Yesterday one of these was singer/songwriter Jonathan Coulton, with a genius song titled "The Future Soon." Just him and his guitar. You can download and enjoy it here.

Friday, October 17, 2003

Biotech at PopTech

This first day of PopTech is focused on biotech, with multiple presenters trying to shake our brains up with happy threats that we might be able to delay aging (Aubrey de Gray), mix organic and non-organic substances in potentially dangerous ways (Alan Goldstein), make spare body parts on demand (Michael West) and otherwise mess with the matter of which we are made.

Best presentations so far: Juan Enriquez of Harvard Business School's Life Sciences Project (what, no site?), digital artist and Media Lab alumnus Golan Levin (he did the Dialtones Telesymphony) and de Gray, who is speaking now. He's really droll.

There's been a bit too much Pangloss here and not enough Mander, especially from Greg Stock, but I think it may even itself out.

Friday, October 10, 2003

Thanks, Dave!

I had the pleasure of meeting Dave Sifry at a Sand Hill Road event recently. He's at a great spot in his life. Having spent time at Linuxcare and Sputnik, his Technorati is taking off and turning into a business.

Better than all that from my perspective, he's kindly helped me start to find a blogging rhythm. A blogmute no more?

Grassroots restaurant reviews, courtesy Mark Hurst

Creative Good founder Mark Hurst has created a nifty site where people can collaborate to write restaurant reviews, navigating with a clickable map that shows neighborhoods. He started with Manhattan restaurants and recently added San Francisco (hey, how 'bout the East Bay?), Brooklyn and Chicago, earning a writeup in the New York Times (requires subscription). Please jump in and improve the restaurant reviews.

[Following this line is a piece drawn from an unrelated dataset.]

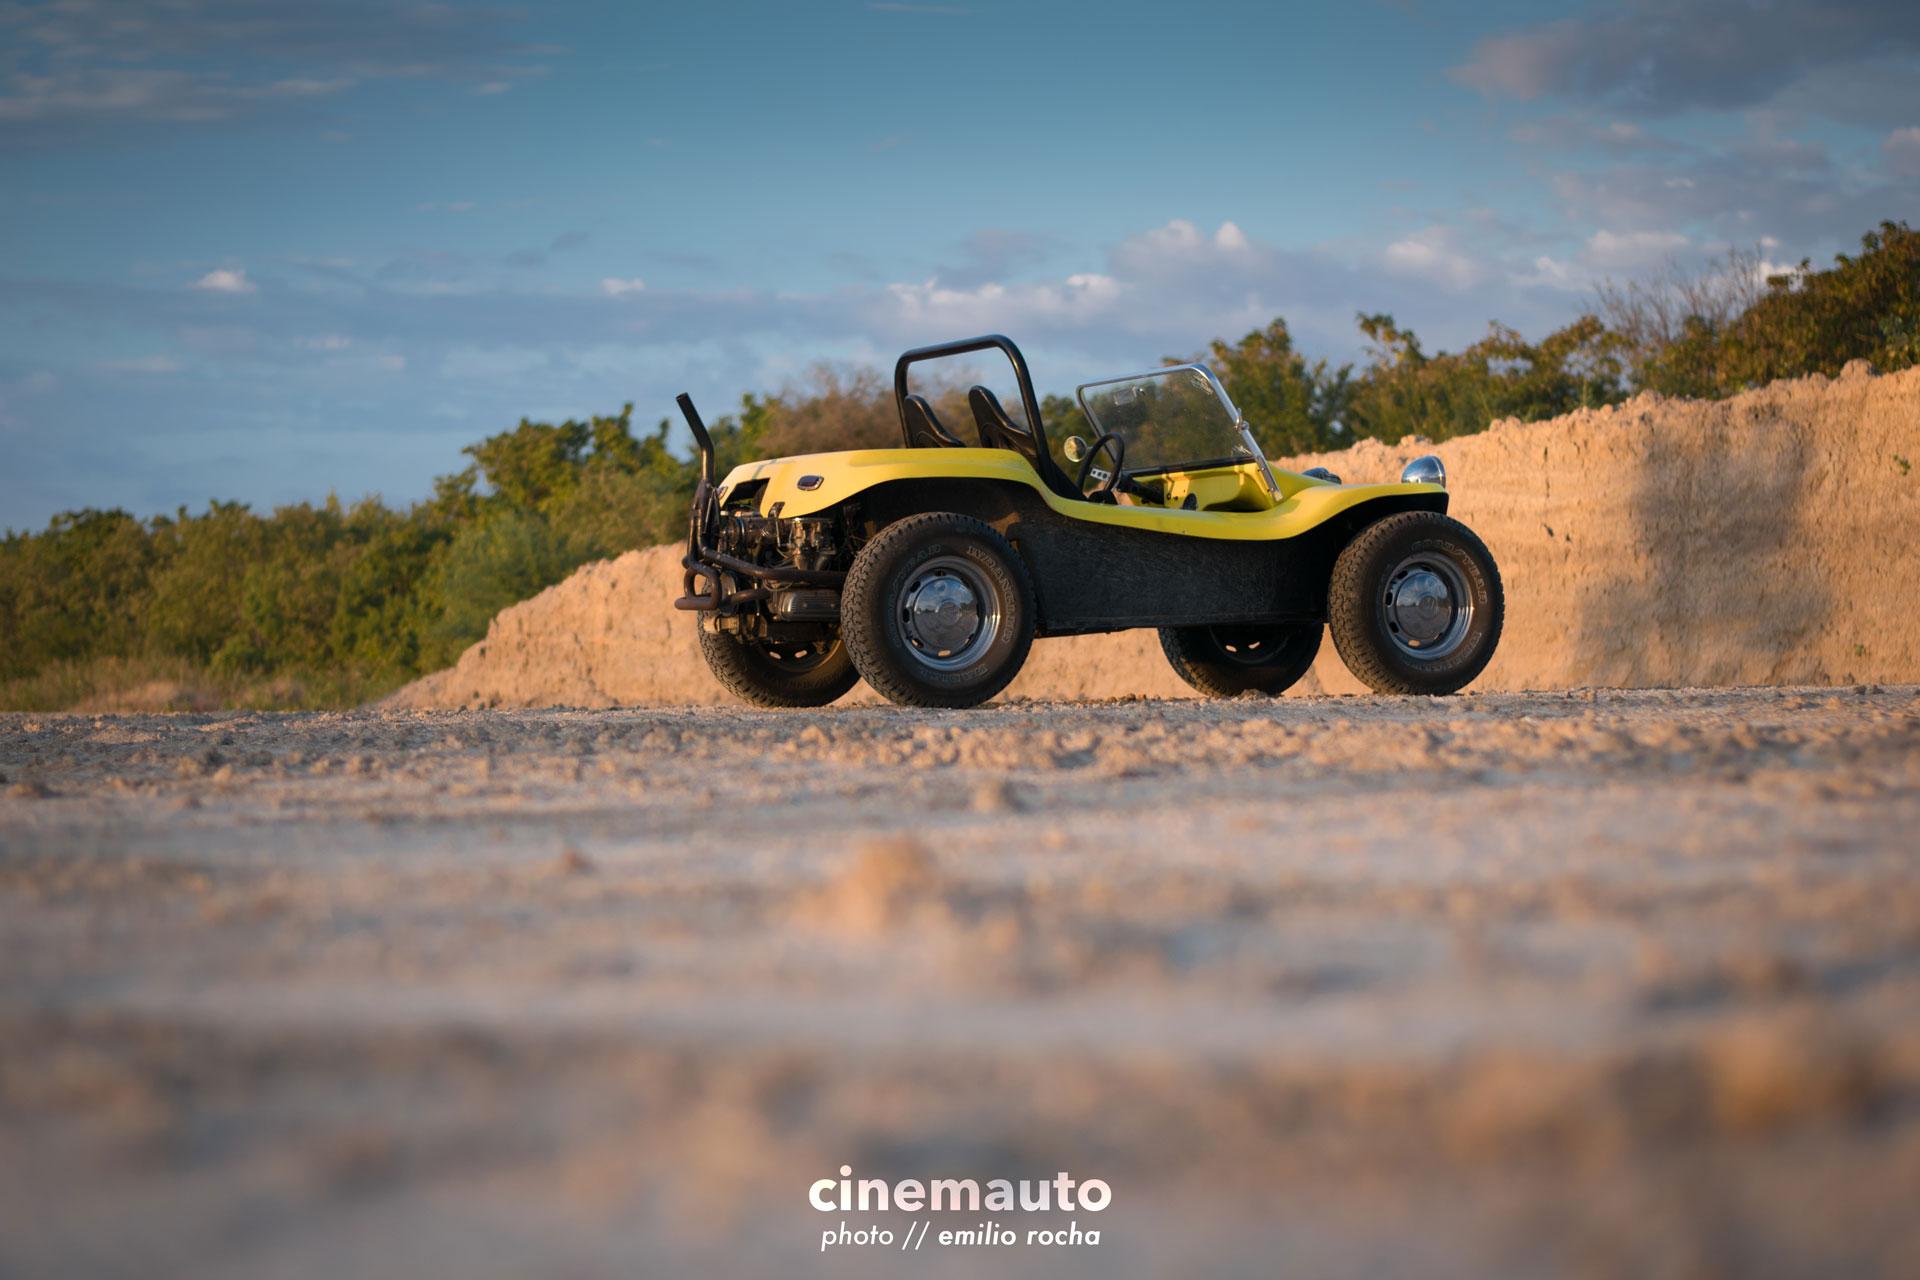 wichita-automotive-photography-cinemauto-gv1.jpg

When I lived in New York City, I wanted to see a site that would let people map the various districts: the flower district, the lighting district, the restaurant-supply district and so on. AddYourOwn plus Greg Elin's Fotowiki would do it.

Thursday, October 09, 2003

O'Reilly on Fresh Air

Listening to the Terry Gross interview of Bill O'Reilly (link courtesy of Heather Brown) prompted a few mixed reactions: Ouch.

Wednesday, October 08, 2003

Some seminal documents from Systems Theory

The discipline Operations Research (OR) has been highly influential. Robert McNamara and his Best and Brightest used OR techniques to plan and justify the way the Kennedy and Johnson Administrations ran the Vietnam... er, situation. (Eventually McNamara resigned, troubled by LBJ's decisions.)

In 1979, Russ Ackoff wrote a paper that was a milestone in management thinking, though it is little known. Published in the Journal of the Operational Research Society at the height of OR's influence, The Future of Ooperational Research is Past (pdf) indicted the ways that OR had come to be used by its many practitioners. Ackoff followed that paper with a more hopeful one, titled Resurrecting the Future of Operational Research (also pdf).

Shortly after he published these papers, Ackoff started the discipline of Social Systems Science and founded the Busch Center at Wharton, funded largely by Anheuser-Busch, one of Russ's major clients over time. Russ now heads Interact Design in Philadelphia.

Like the idealized redesign paper I just posted, I have permission to post these two papers here. It's not every day you can see history change just a bit as you read an article.

Idealized redesign

I've mentioned elsewhere that I'm a big fan of Russ Ackoff's thinking. Frustrated because I couldn't find a description of his methodologies for interactive planning and idealized redesign, I got permission to post a paper describing those processes (pdf format).

I began to write a summary, but it is so crisply written that I recommend you read it yourself. What I will say is that idealized redesign made me realize that if you never take the time to imagine what you really should be doing, as an individual or organization, you'll never get there. It also brought home to me just how difficult a process redesign is, because we are so wedded to assumptions we don't notice, historic business models and other, often dysfunctional baggage we take for granted.